Norges Bank to hike in May and keep the door open for more
The desk anticipates a 25 basis point rate hike from Norges Bank on May 7, driven by persistent inflationary pressures and recent developments in the oil market. Per the full note from ing-think, this hike is viewed as necessary to address broad-based inflation concerns, and a delay would merely push the decision to June. The desk expects this move to trigger another rally in the Norwegian krone (NOK), although the longevity of this rally will be contingent on global risk sentiment remaining robust. With no high-impact events on the calendar in the next month, the focus will remain squarely on Norges Bank's actions and statements.
What the desk is arguing
Norges Bank is likely to raise its key interest rate by 25 basis points in May, driven by high inflation rates that have been worsened by the fluctuations in the oil market. The decision to hike aligns with a broader trend of central banks reacting decisively to inflationary pressures.
Moreover, if Norges Bank opts to hold rates in May, the deployment of a rate hike would likely just shift to June, continuing the narrative of urgency around inflation. The NOK is expected to strengthen again following this anticipated hike; however, its long-term strength will depend on the persistence of global risk sentiment and oil price stability.
Where it sits in our coverage
Our current consensus target for the NOK stands at 1.075, reflecting a cautious but optimistic outlook on the currency's performance amid rising interest rates. This stance is aligned with the implied direction of Norges Bank’s policy adjustments—supportive of a stronger NOK if rate hikes proceed as anticipated.
Competitive views on the NOK include: - JPMorgan: Target set at 1.10 for Dec-26 - Barclays: Target at 1.08 for Dec-26 - Goldman Sachs: Anticipated target of 1.06 for Dec-26
How other firms see it
Some firms exhibit a contrary stance regarding Norway’s monetary policy direction. For instance, Bank of America does not anticipate a rate hike until later dates, pointing to underlying economic risks that may temper the central bank's actions.

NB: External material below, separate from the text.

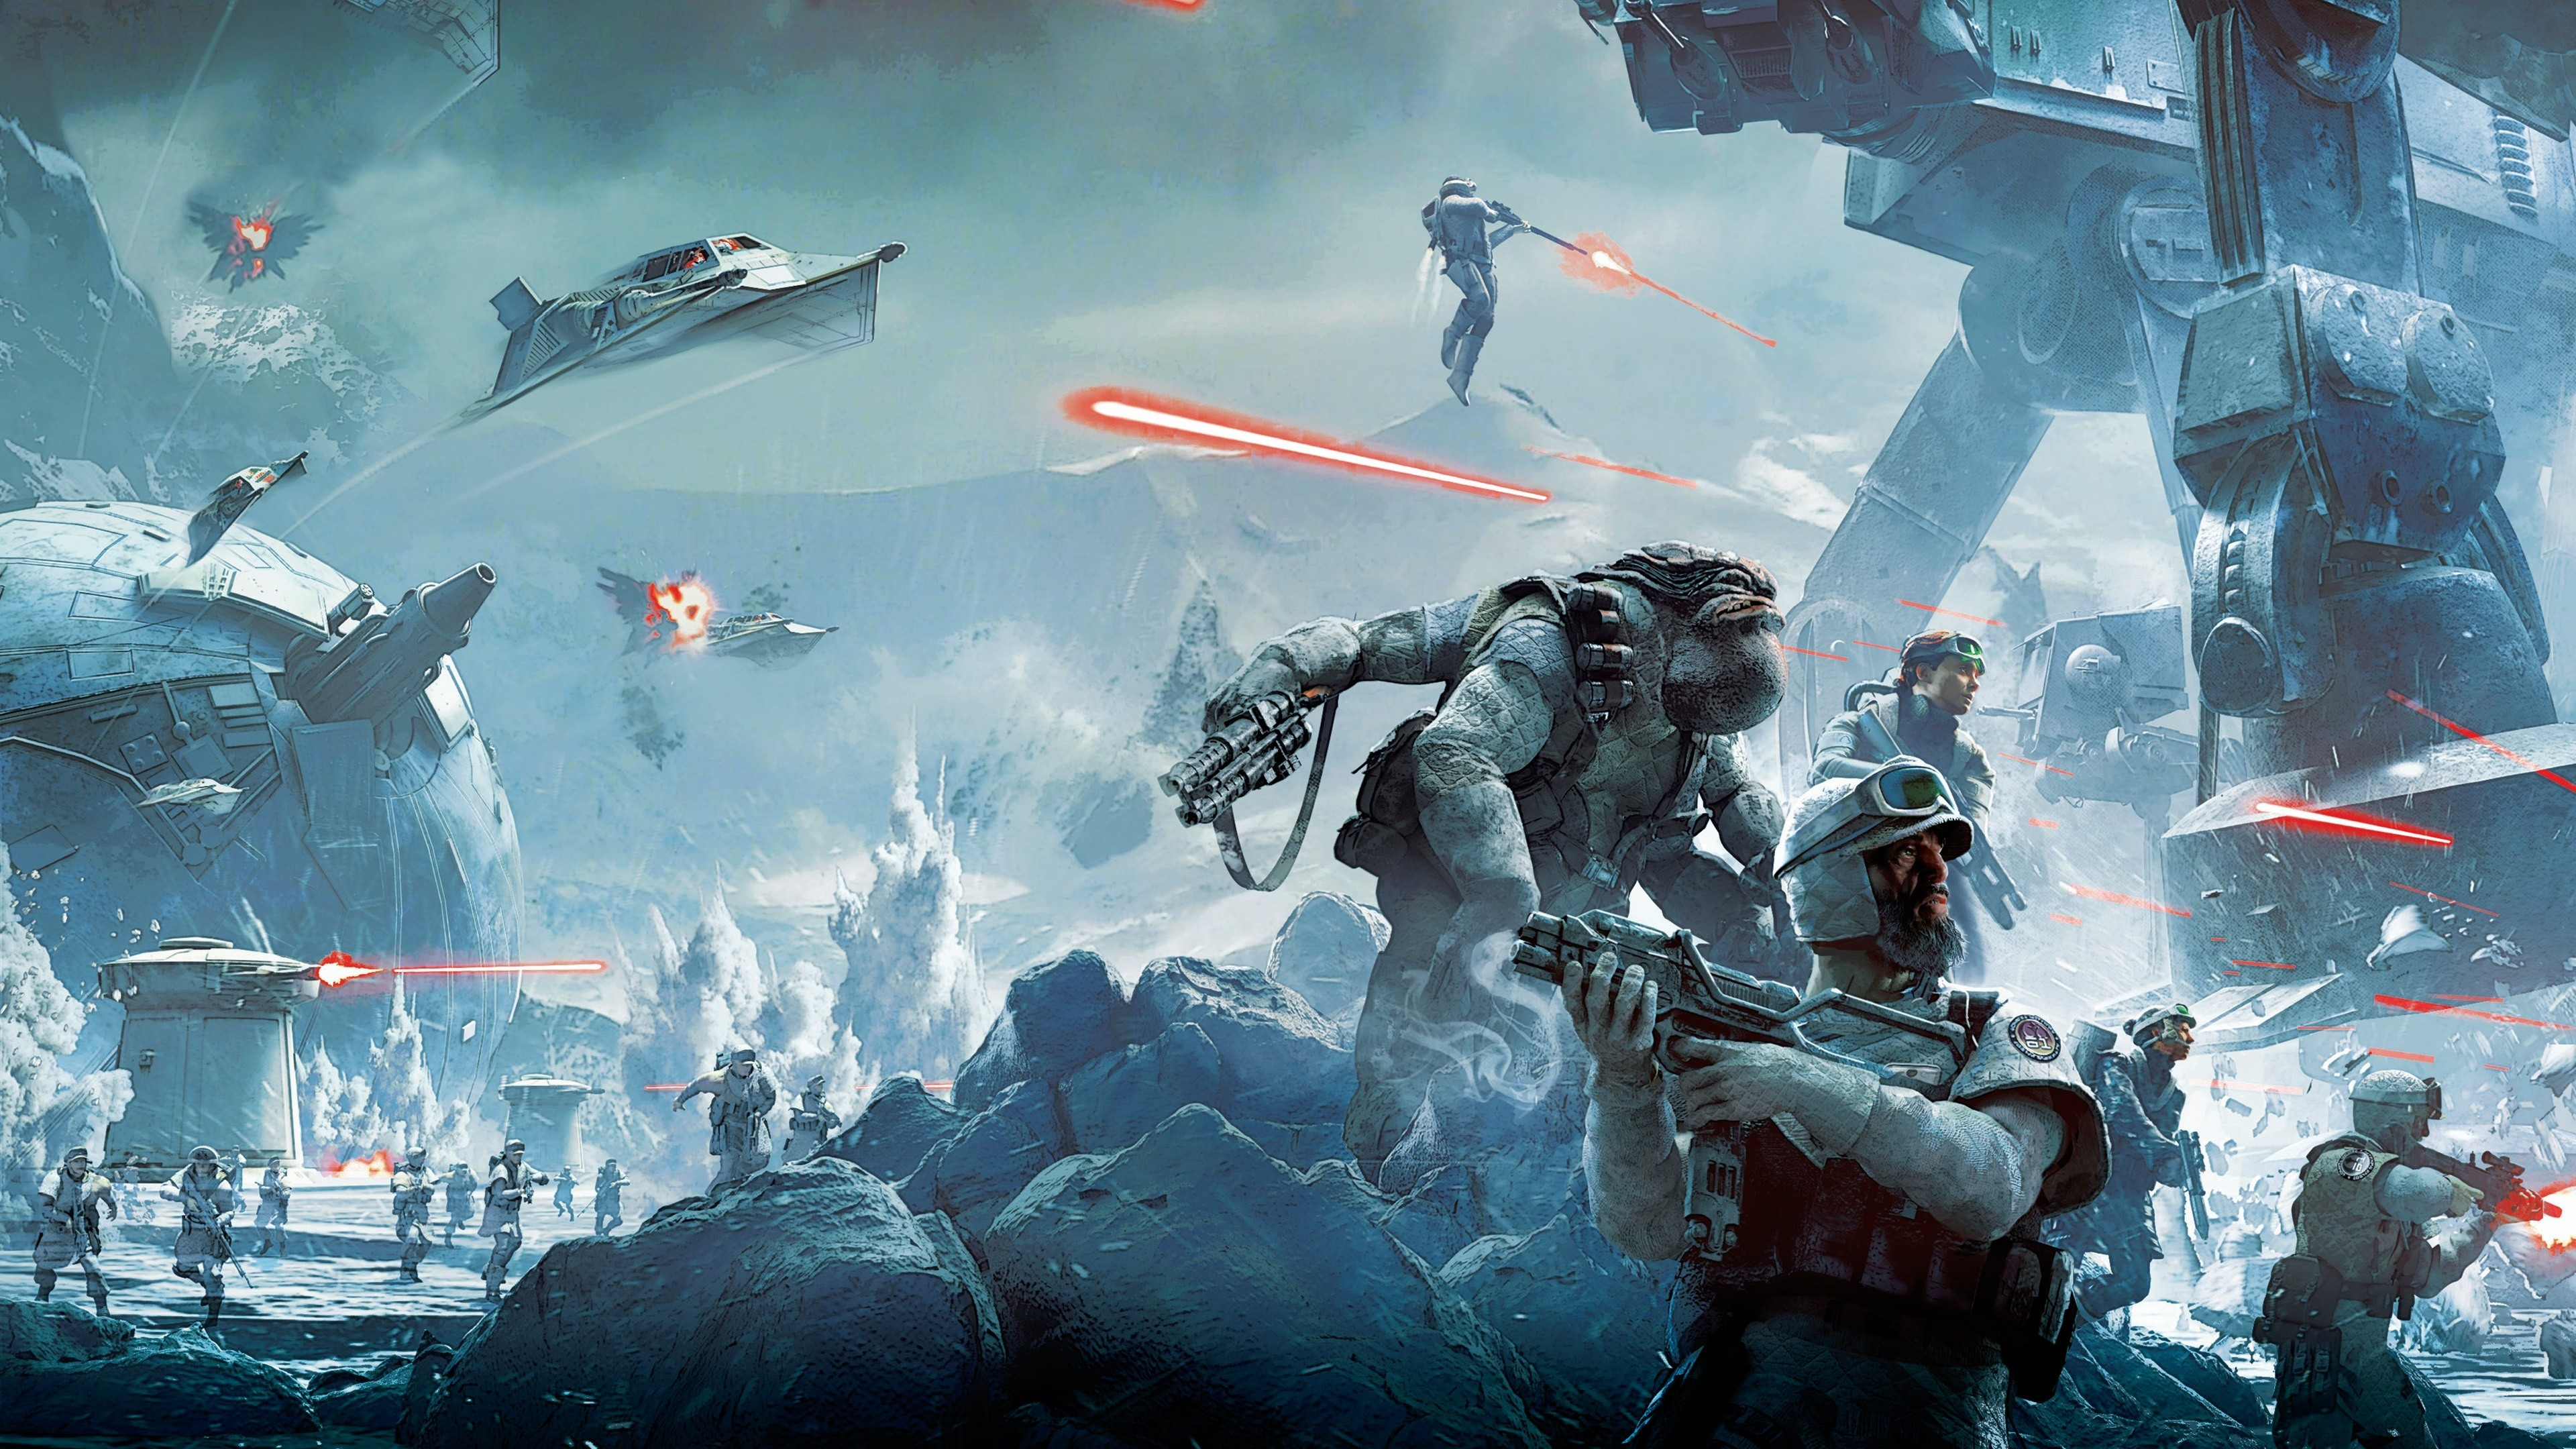 My Second Star Wars Wallpaper Dump Epic Star Wars

Other more bullish firms align with our view, including: - JPMorgan - Barclays - Goldman Sachs
How firms align with this view
Aligned with the desk view
Contrary positioning
Key takeaways
- 01Norges Bank is expected to raise rates by 25bps in May, contrary to the consensus view.
- 02Inflation concerns and oil market fluctuations are key drivers behind this anticipated hike.
- 03NOK may see a short-term rally depending on global risk sentiment.
Market implications
A decisive interest rate increase from Norges Bank could lead to a stronger NOK against major currencies. If inflation continues to exert pressure, further hikes could be greenlit, enhancing the currency's appeal to investors seeking yield amidst global uncertainty.
Risks to this view
Potential risks include a failure to hike in May, which could create a downturn in NOK sentiment. Additionally, prolonged volatility in the oil market or deteriorating global economic conditions could undermine the effectiveness of rate hikes.